The HVLT is a word–list learning and memory task which consists of both immediate and delayed recall. The immediate recall is a measure of the ability to learn while the delayed recall is a measure of the ability to remember. The first patient scored 26⁄36 for the immediate recall preoperatively and 27⁄36 for the immediate recall postoperatively. The same patient scored 10⁄12 for the delayed recall preoperatively and 9⁄12 postoperatively. The second patient scored 12⁄36 and 0⁄12 preoperatively, dropping to 5⁄36 and 0⁄12 postoperatively. The third patient scored 25⁄36 and 7⁄12 preoperatively, and 20⁄36 and 8⁄12 postoperatively. The fourth patient scored 19⁄36 and 9⁄12 preoperatively, and 16⁄36 and 7⁄12 postoperatively. Finally, the fifth patient scored 12⁄36 and 0⁄12 preoperatively, and 16⁄36 and 1⁄12 postoperatively.

The BDI–II is a well–established clinically–relevant tool to assess depression with a lower numerical score correlating with a less depressed state.
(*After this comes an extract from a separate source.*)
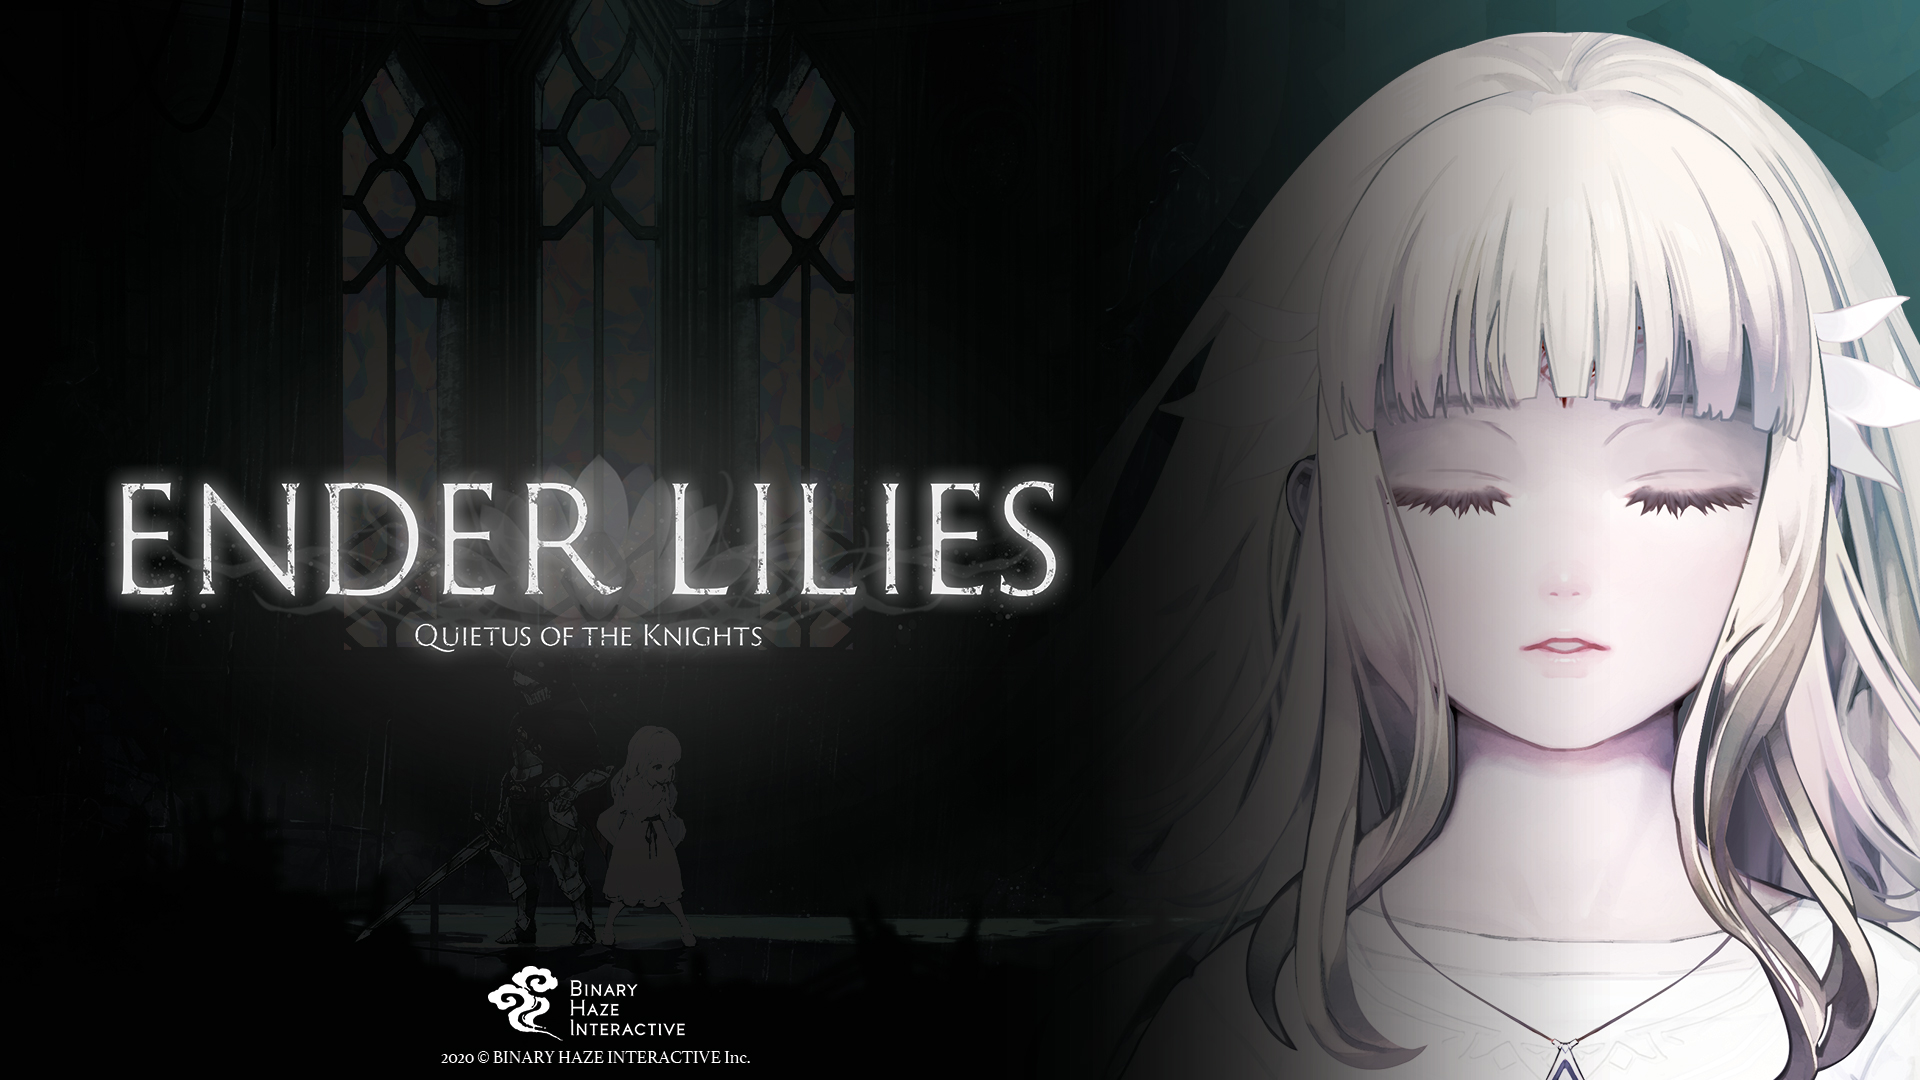 Ender Lilies: Quietus of the Knights arrives on PlayStation
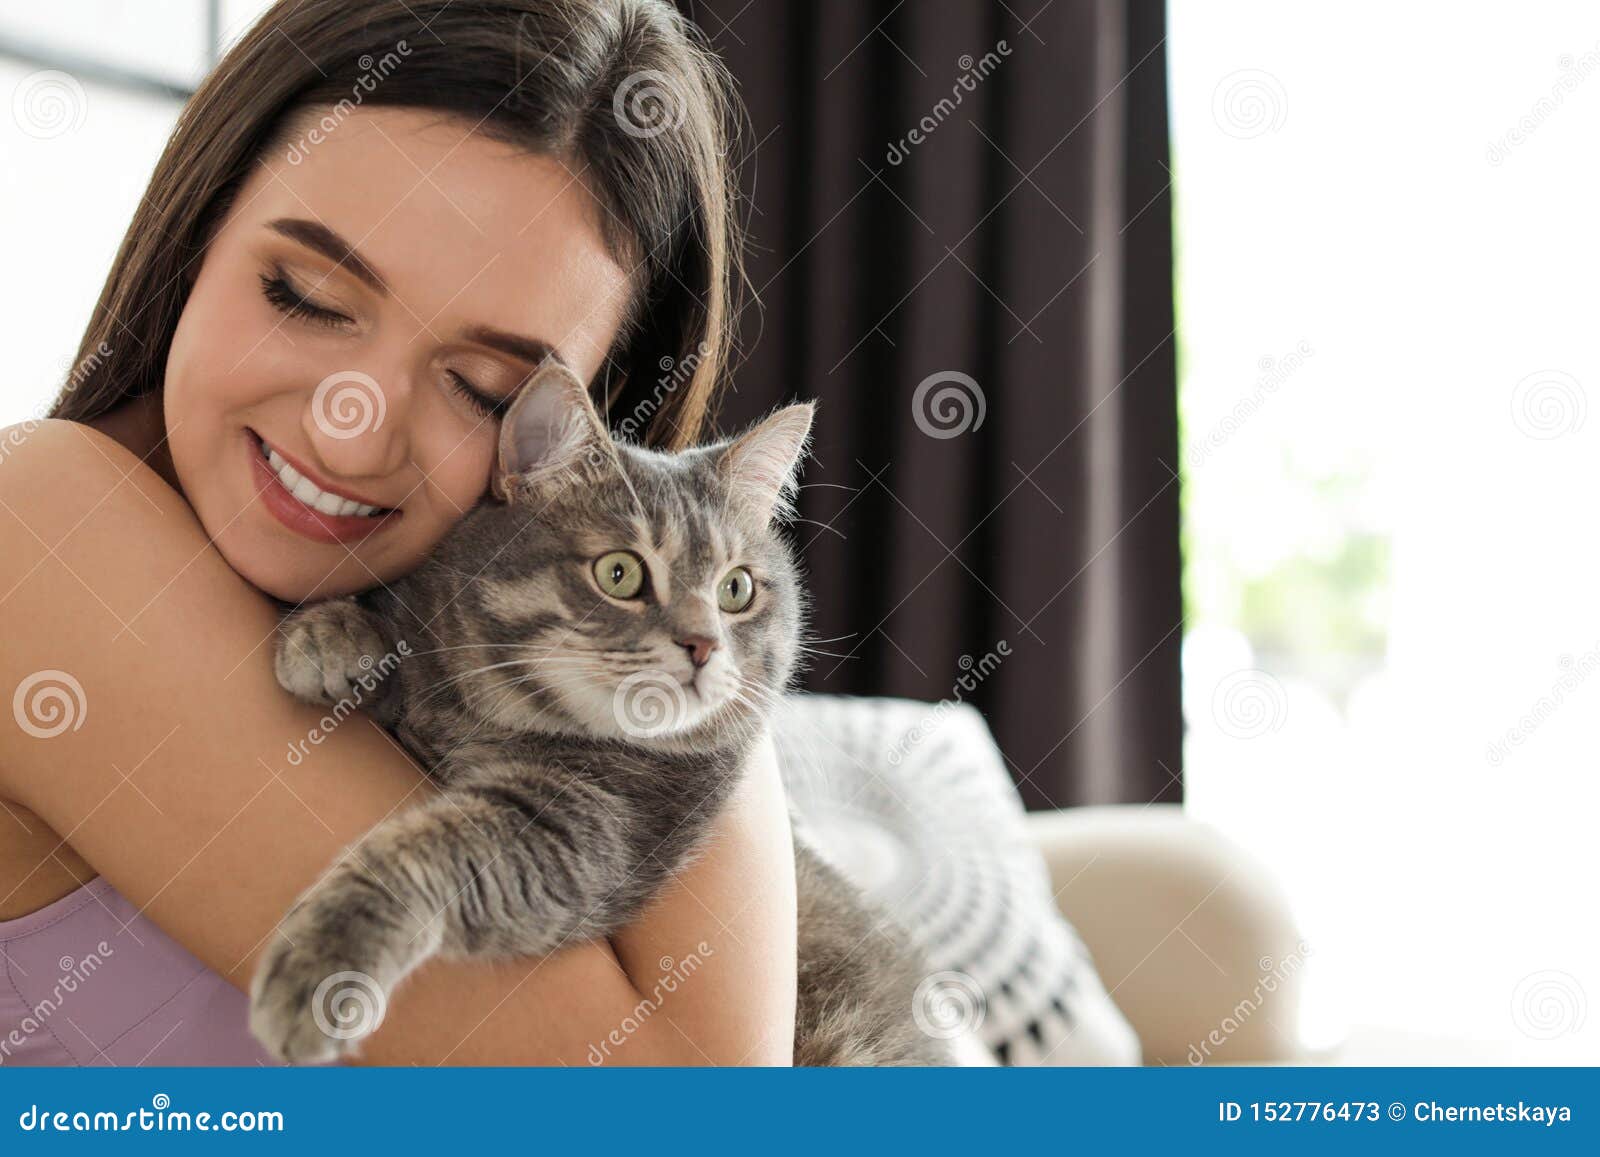 Young Woman with Cute Cat at Home. Pet and Owner Stock Image - Image of ...

This data was reviewed for all five patients. The first patient had a preoperative BDI–II of 20, which fell to a postoperative BDI–II of 6. The second patient decreased from 26 preoperatively to 18 postoperatively. The third patient decreased from 33 to 27, and the fourth patient decreased from 17 to 12. The fifth patient was the only patient to demonstrate an increase in BDI–II, from 7 preoperatively to 9 postoperatively, but both of these scores are in the non–depressed range and therefore this increase was not clinically significant. The average decrease in BDI–II score for all patients was 6.2 points (range = gain of 2 points to loss of 14 points). Thus most patients were less depressed or showed no change after the intervention.

The results of all neuropsychological testing are summarized in Table 1, Table 2 and Figure 1.